The Potential for Family Offices

Family offices in particular can benefit from leveraging financial sponsors as they grow in size and popularity. With $5.1 trillion in assets as of 2015, family offices typically have the expertise in the industries they target and can often avoid tying up capital in blind pools— but they may still need help with sourcing deals, creating post-investment value, and engineering desirable exit strategies where applicable.

Because of their experience with dealmaking, financial sponsors can help in this space. During the deal, sponsors are able to see beyond the single transaction into the full business strategy. They can help gain access to additional capital, if needed, and uncover sophisticated value creation scenarios that can lead to more beneficial deal terms.

What to Look for in a Sponsor

Ideally, a financial sponsor provides full access to a suite of capital markets and corporate banking capabilities across the investment life cycle to see deals through to completion.

They ask the right questions to get to dynamic solutions. For example, identifying the best end-game opportunities with key questions such as: When does it make more sense to effect strategic operational changes as opposed to flipping the entire capital structure?

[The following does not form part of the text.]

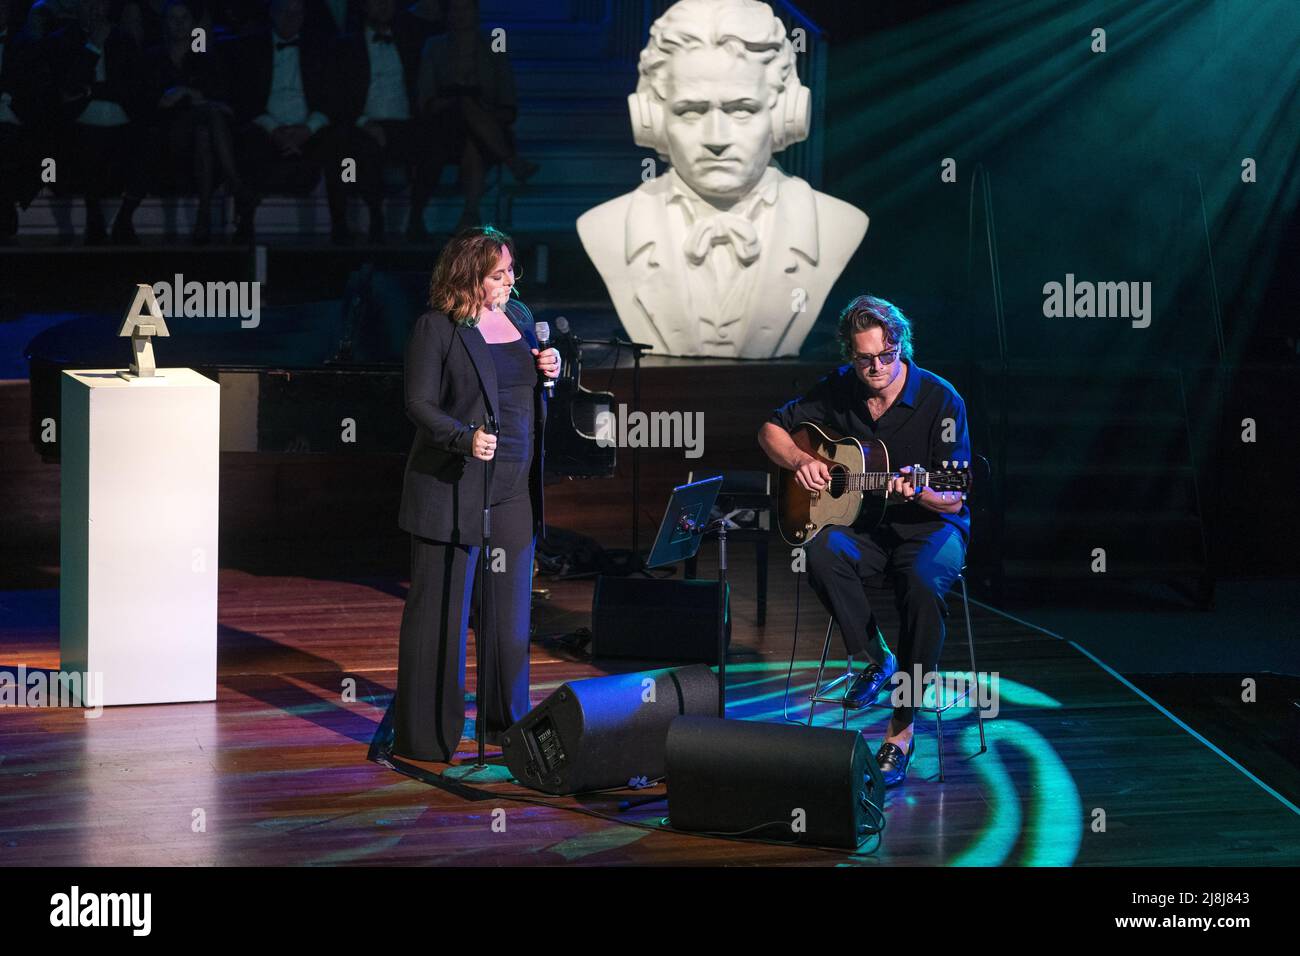 2022-05-16 17:21:20 BUSSUM - Trijntje Oosterhuis and Xander Vrienten perform together during the presentation of the Buma Awards in Spant. The Lennart Nijgh Prize was awarded posthumously to Henny Vrienten. The awards are presented to composers, lyricists and their music publishers in various categories. ANP JEROEN JUMELET netherlands out - belgium out Stock Photo

By working within and outside the typical private equity templates, financial sponsors can move with agility to deliver the advanced solutions that match today's complex M&A landscape. As the private equity industry continues to mature, earning healthy profits requires more proactive, collaborative strategies -- sponsors can facilitate by sourcing creative prospects, developing sophisticated implementation and establishing a vision for the long term.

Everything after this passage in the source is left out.